Yep. And I think this was the hardest thing I have ever had to do in my life. I had no idea what would happen, how they would react, anything. To have to say “I’m Gay” without knowing if I’ll be kicked out of the house, beaten or embraced with love is beyond frightening.
Unfortunately, I came out at school thinking it would be no big deal. A few friends would know, well the class I was in at the time, but that would be it. Within hours it had spread around half-a-dozen schools in the area (was just at time when the first PAYG phones were out so people could text/call each other), and every pupil in ours knew (including my brother who never found it out from me, but has since forgiven me for that).
I had never expected that and as such for the next week I dreaded going home - did my parents find out from my brother, did they overhear someone talking about it in Tesco’s, etc.? At the end of the week, I really couldn’t take it any more.
We all sat down at the table for tea and ate. I said nothing, and afterwards my parents washed up while my brother went upstairs, still I said nothing.
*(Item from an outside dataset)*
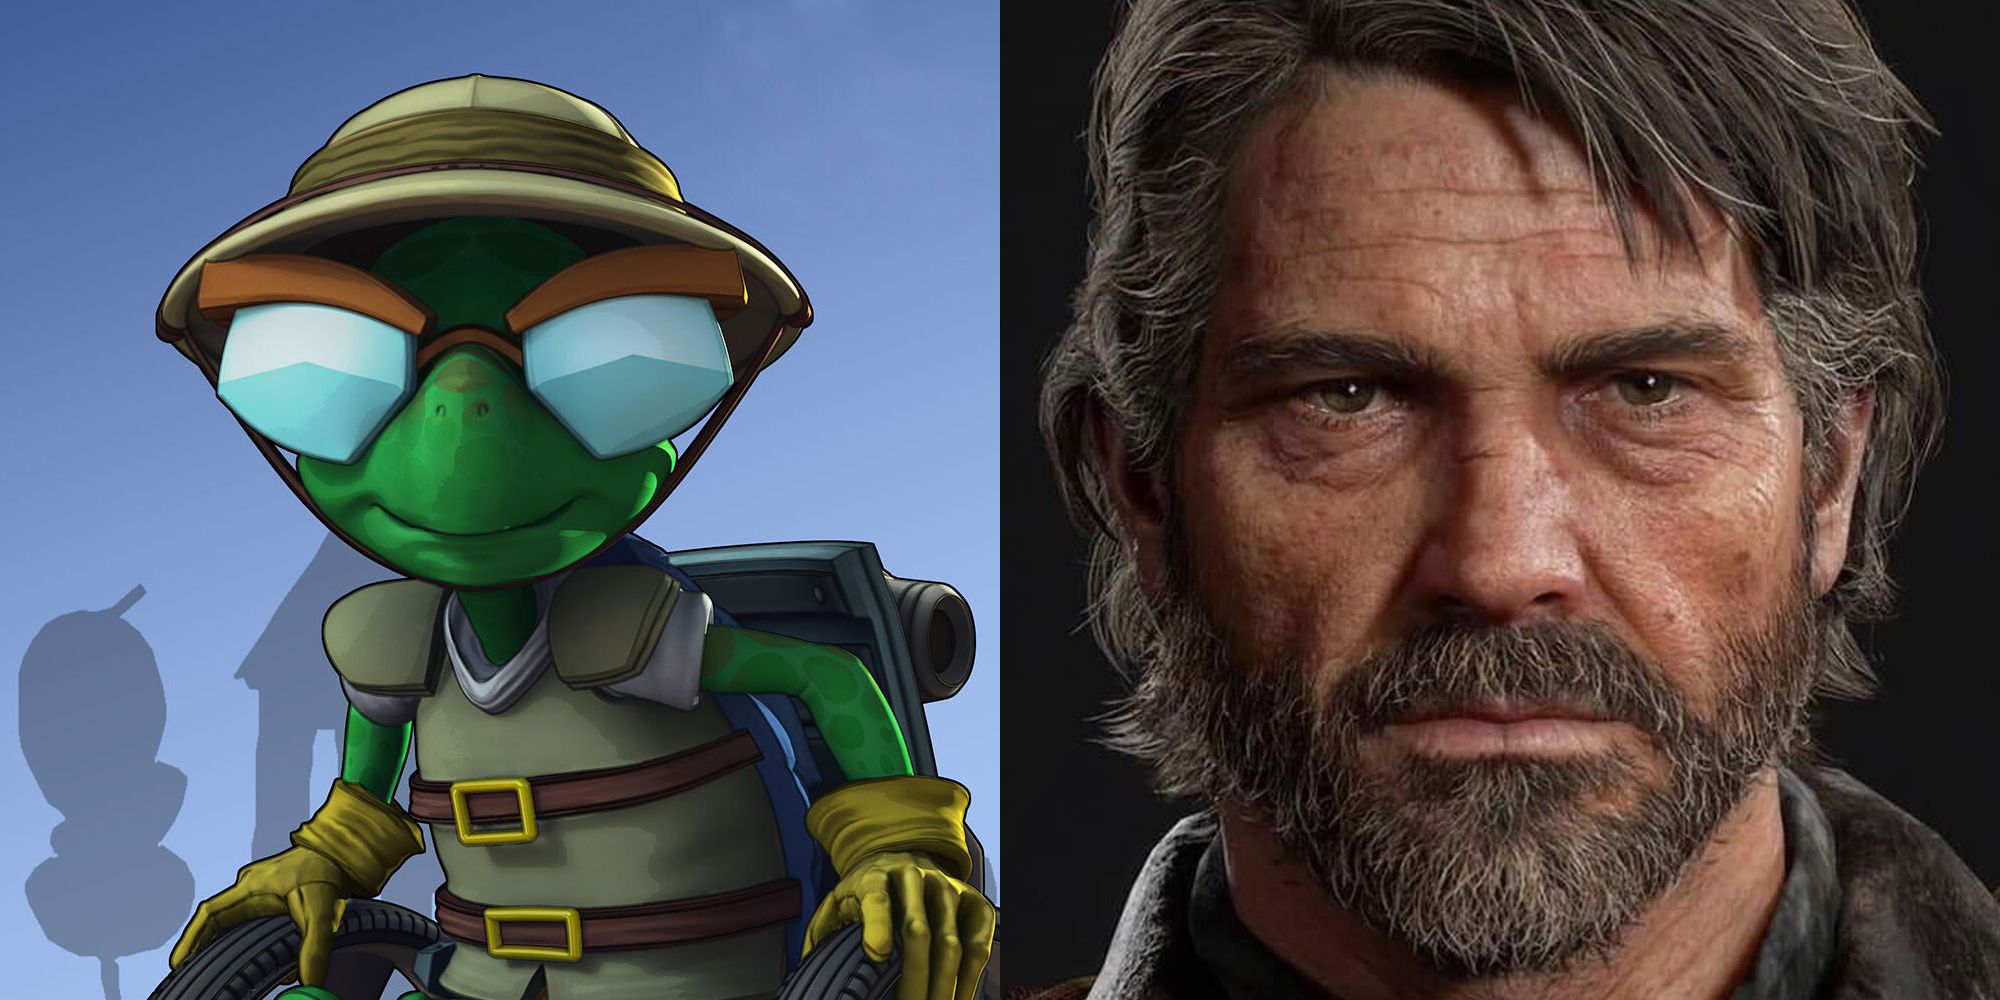 Bentley (Sly Cooper) and Joel (The Last of Us)

Even as my parents when shopping at Tesco’s, and an hour later when they came back I was still sat in the same place, silent. At that point through shear exhaustion, I came out.
They were great about it. Said they had suspected something, but they didn’t care. After a short conversation (which I don’t remember much of) I went up to my room and I think fell asleep.
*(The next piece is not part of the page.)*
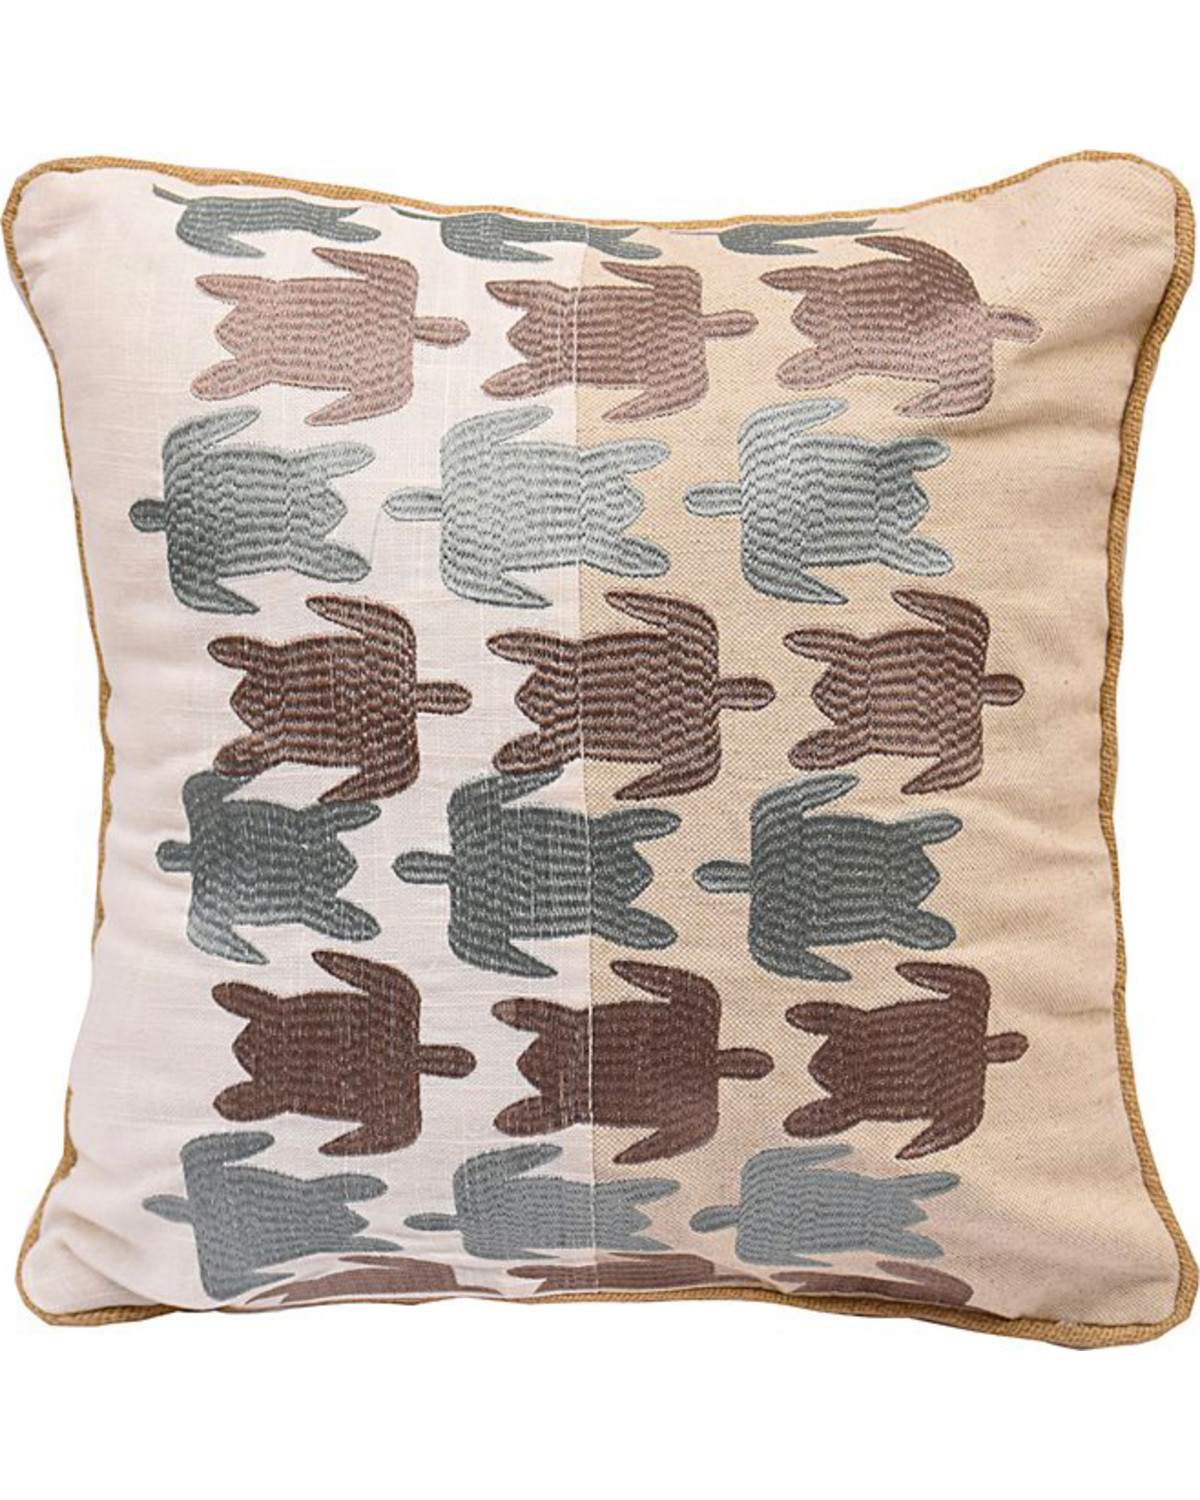 HiEnd Accents Turtle Embroidered Linen Pillow

In fact, later that year both my parents admited it was a little bit of a shock to them, but they knew instantly that they had to support me. My dad even said that after nearly 20 years in the Police, much of which was spent in Central London, he had seen homophobia and the damage and hurt it causes, and vowed to protect me if I needed it. My mother had a few gay friends when she was younger in the 80s and supported many of her friends through difficult times too. They just never expected it would be me that was gay too; I never gave them any inkling that I was that way inclined.
it took a while for them a while to come to terms with it themselves, but they (and my brother) still support me to this day and I love them all with all my heart; nothing has really changed between us, despite this.